Learning Objectives

By the end of this chapter, you will be able to:

  • Understand the difference between goodness of fit and independence tests
  • Determine expected frequencies from hypothesized distributions
  • Perform goodness of fit tests step by step
  • Test for uniform and other distributions
  • Interpret results correctly

Goodness of Fit vs.
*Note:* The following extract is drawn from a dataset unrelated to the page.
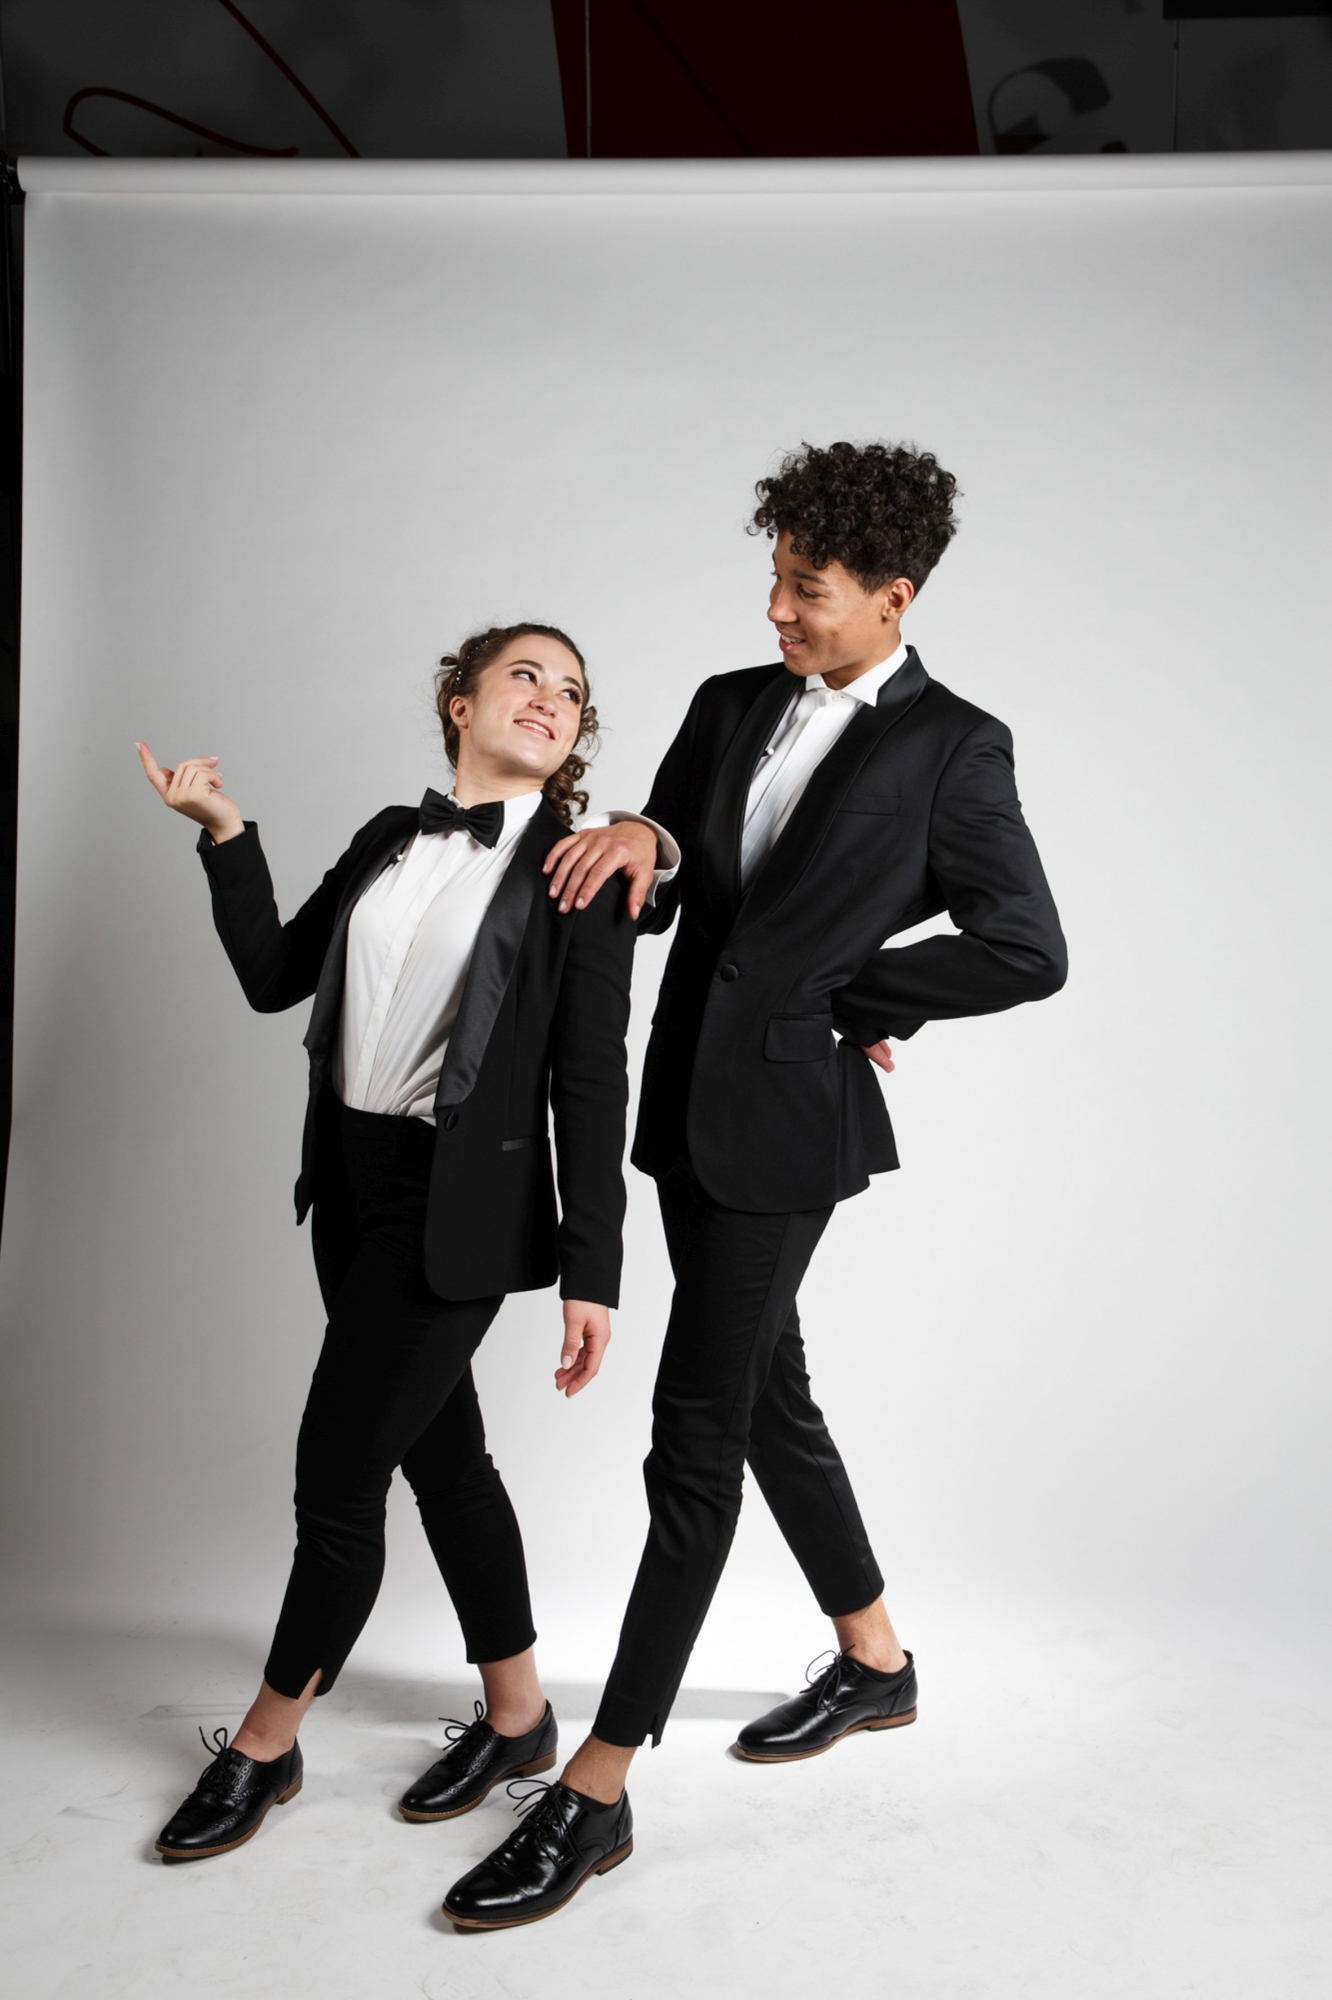 Joseph et Chloé dans leur tenue de samedi soir dans le concours télévisuel "Alors, on danse?"

Independence

Goodness of Fit Independence
One categorical variable Two categorical variables
Tests if distribution matches expected Tests if variables are related
Single row of data Contingency table
df = k - 1 df = (r-1)(c-1)
flowchart TD
    A[Chi-square Test]
    B{How many<br/>variables?}
    C[Goodness of Fit]
    D[Test of Independence]

    A --> B
    B -->|One variable| C
    B -->|Two variables| D

The Goodness of Fit Test

Purpose

Tests if observed frequencies follow a hypothesized distribution:

  • Uniform distribution (all categories equal)
  • Known proportions
  • Theoretical distribution (binomial, normal, etc.)

Hypotheses

  • H₀: Observed distribution matches expected distribution
  • H₁: Observed distribution does NOT match expected distribution

Test Statistic

\[\chi^2 = \sum \frac{(O - E)^2}{E}\]

Degrees of Freedom

\[df = k - 1\]

Where k = number of categories


Step-by-Step Example 1: Uniform Distribution

Problem: A die is rolled 120 times with these results:

Face 1 2 3 4 5 6 Total
Observed 25 17 22 15 19 22 120

Test at α = 0.05 if the die is fair (uniform distribution).

Solution:

Step 1: State hypotheses

  • H₀: Die is fair (all faces equally likely)
  • H₁: Die is not fair

Step 2: Calculate expected frequencies

For a fair die, each face should appear: \(E = \frac{120}{6} = 20\)

Face O E
1 25 20
2 17 20
3 22 20
4 15 20
5 19 20
6 22 20

Step 3: Calculate chi-square

Face O E (O-E)² (O-E)²/E
1 25 20 25 1.25
2 17 20 9 0.45
3 22 20 4 0.20
4 15 20 25 1.25
5 19 20 1 0.05
6 22 20 4 0.20
Total       3.40
\[\chi^2 = 3.40\]

Step 4: Find critical value

  • df = 6 - 1 = 5
  • α = 0.05
  • From chi-square table: χ²* = 11.070

Step 5: Decision

  • χ² = 3.40 < 11.070
  • Fail to Reject H₀

Step 6: Conclusion At the 0.05 level of significance, there is insufficient evidence to conclude that the die is unfair. The observed frequencies are consistent with a fair die.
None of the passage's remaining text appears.